On Tue 12-01-21 17:51:05, Muchun Song wrote:
> On Tue, Jan 12, 2021 at 4:33 PM Michal Hocko <mhocko@suse.com> wrote:
> >
> > On Mon 11-01-21 17:20:51, Mike Kravetz wrote:
> > > On 1/10/21 4:40 AM, Muchun Song wrote:
> > > > There is a race between dissolve_free_huge_page() and put_page(),
> > > > and the race window is quite small. Theoretically, we should return
> > > > -EBUSY when we encounter this race. In fact, we have a chance to
> > > > successfully dissolve the page if we do a retry. Because the race
> > > > window is quite small. If we seize this opportunity, it is an
> > > > optimization for increasing the success rate of dissolving page.
> > > >
> > > > If we free a HugeTLB page from a non-task context, it is deferred
> > > > through a workqueue. In this case, we need to flush the work.
> > > >
> > > > The dissolve_free_huge_page() can be called from memory hotplug,
> > > > the caller aims to free the HugeTLB page to the buddy allocator
> > > > so that the caller can unplug the page successfully.
> > > >
> > > > Signed-off-by: Muchun Song <songmuchun@bytedance.com>
> > > > ---
> > > >  mm/hugetlb.c | 26 +++++++++++++++++++++-----
> > > >  1 file changed, 21 insertions(+), 5 deletions(-)
> > >
> > > I am unsure about the need for this patch.  The code is OK, there are no
> > > issues with the code.
> > >
> > > As mentioned in the commit message, this is an optimization and could
> > > potentially cause a memory offline operation to succeed instead of fail.
> > > However, we are very unlikely to ever exercise this code.  Adding an
> > > optimization that is unlikely to be exercised is certainly questionable.
> > >
> > > Memory offline is the only code that could benefit from this optimization.
> > > As someone with more memory offline user experience, what is your opinion
> > > Michal?
> >
> > I am not a great fun of optimizations without any data to back them up.
> > I do not see any sign this code has been actually tested and the
> > condition triggered.
> 
> This race is quite small. I only trigger this only once on my server.
> And then the kernel panic. So I sent this patch series to fix some
> bugs.

Memory hotplug shouldn't panic when this race happens. Are you sure you
have seen a race that is directly related to this patch?

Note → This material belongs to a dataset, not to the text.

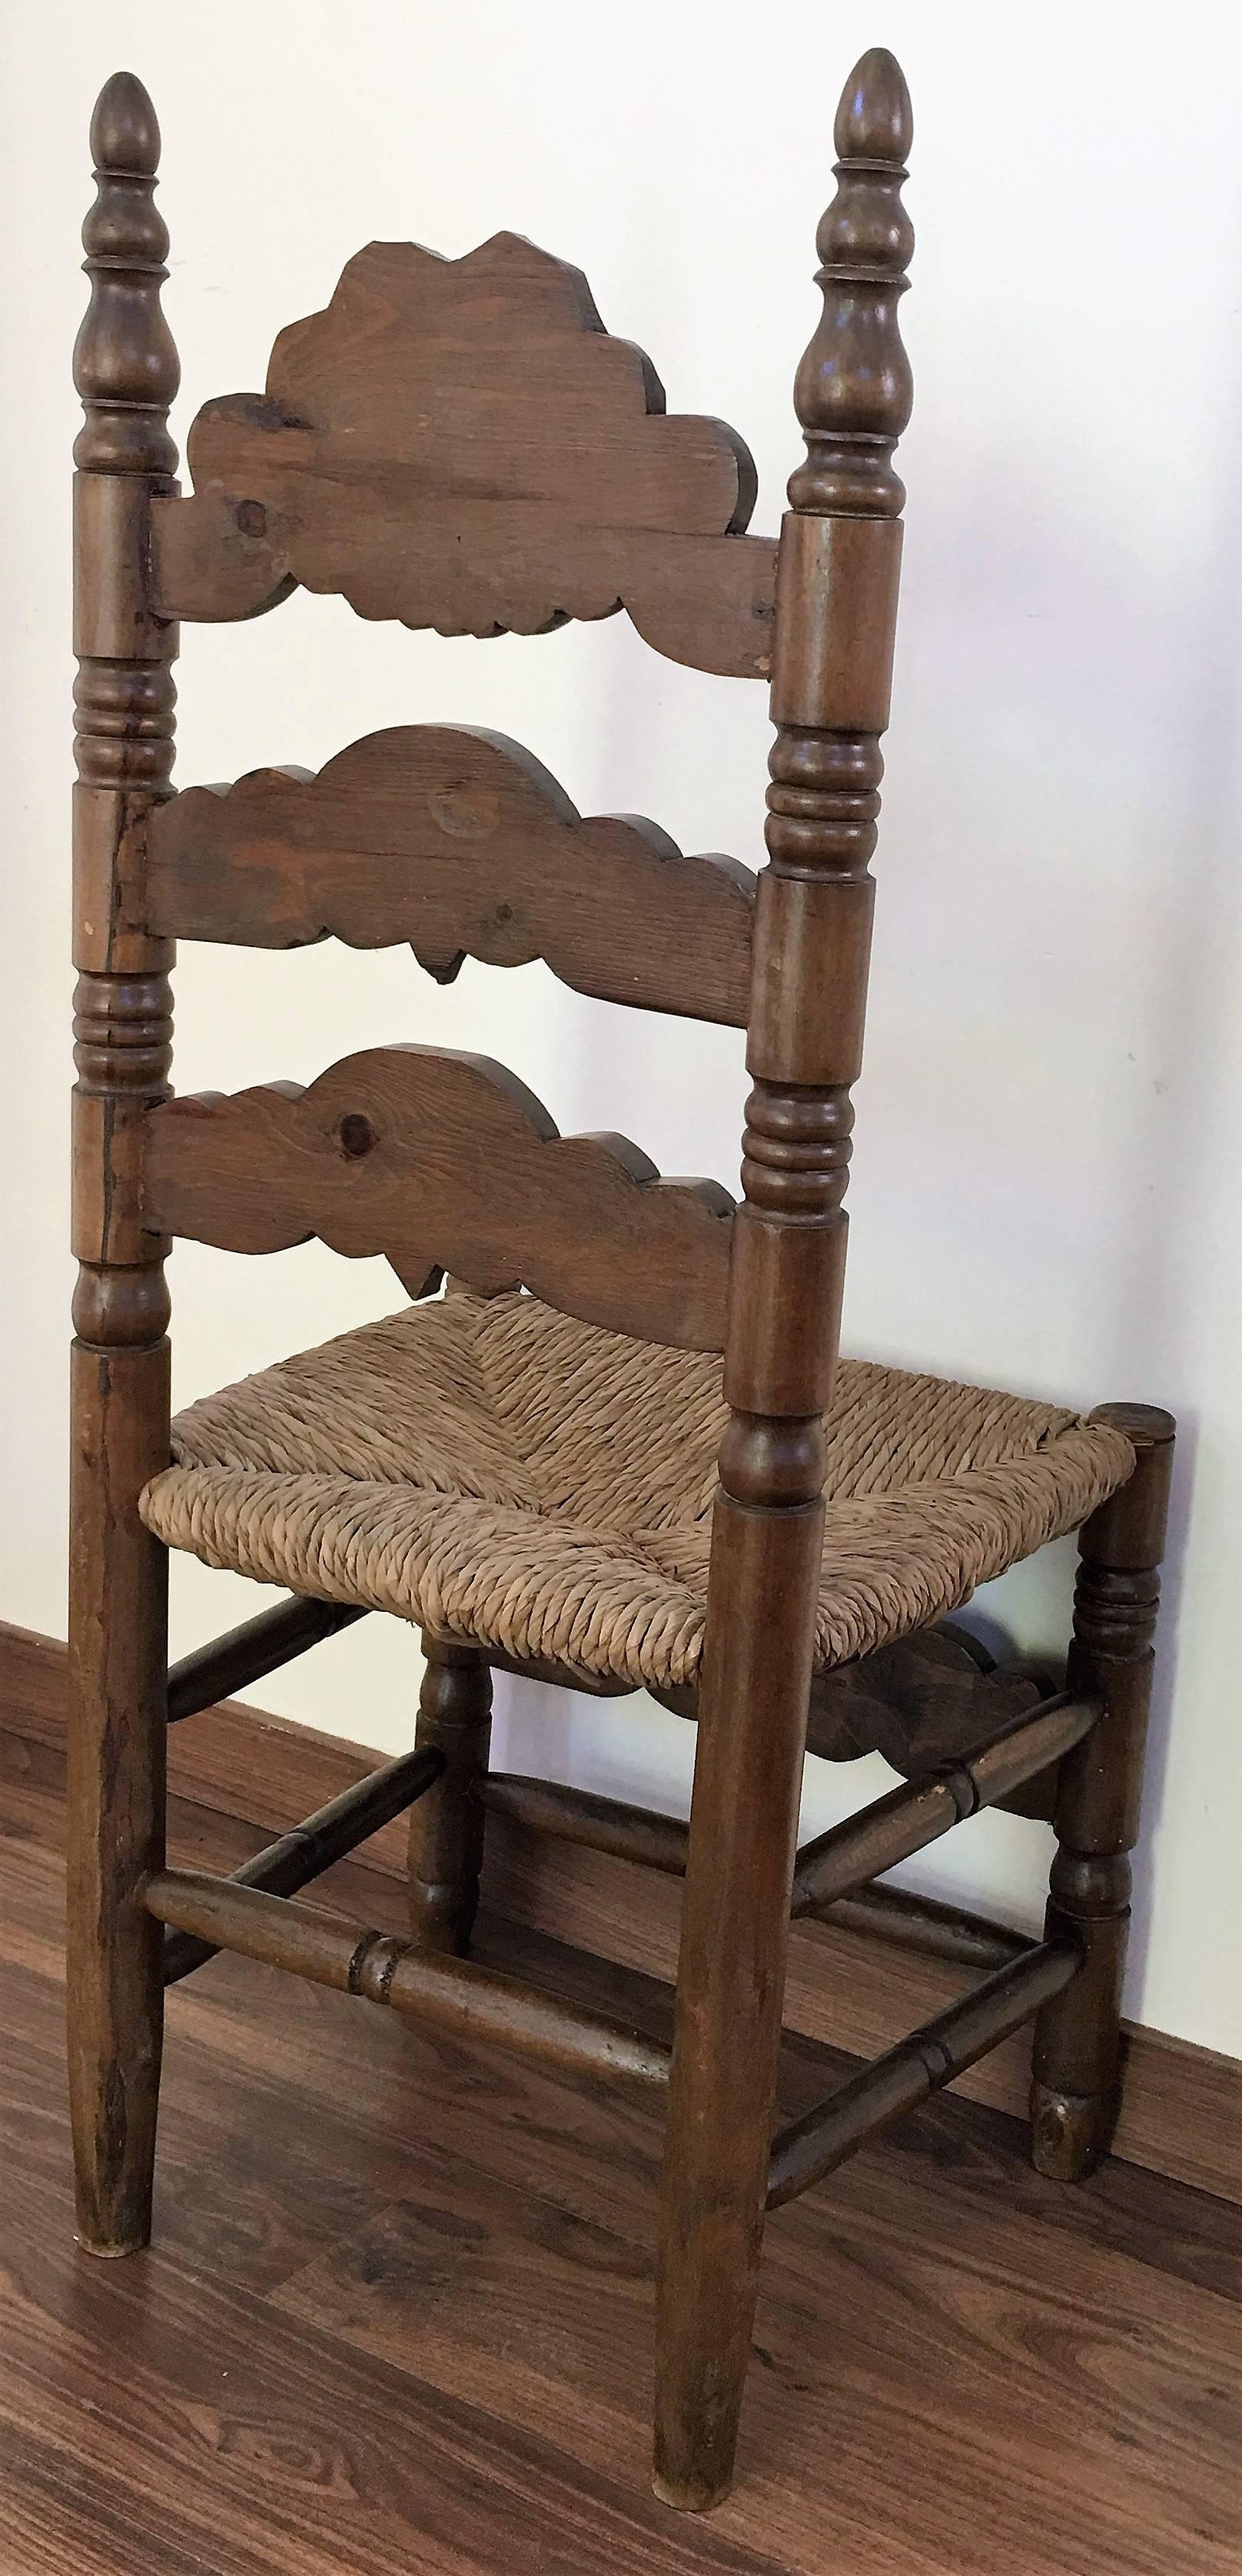 Set of Six Chairs, Turned and Carved Wood, with Straw Seat of the 20th Century 1

> > Besides that I have requested to have an explanation of why blocking on
> > the WQ is safe and that hasn't happened.
> 
> I have seen all the caller of dissolve_free_huge_page, some caller is under
> page lock (via lock_page). Others are also under a sleep context.
> 
> So I think that blocking on the WQ is safe. Right?

I have requested to explicitly write your thinking why this is safe so
that we can double check it. Dependency on a work queue progress is much
more complex than any other locks because there is no guarantee that WQ
will make forward progress (all workers might be stuck, new workers not
able to be created etc.).
-- 
Michal Hocko
SUSE Labs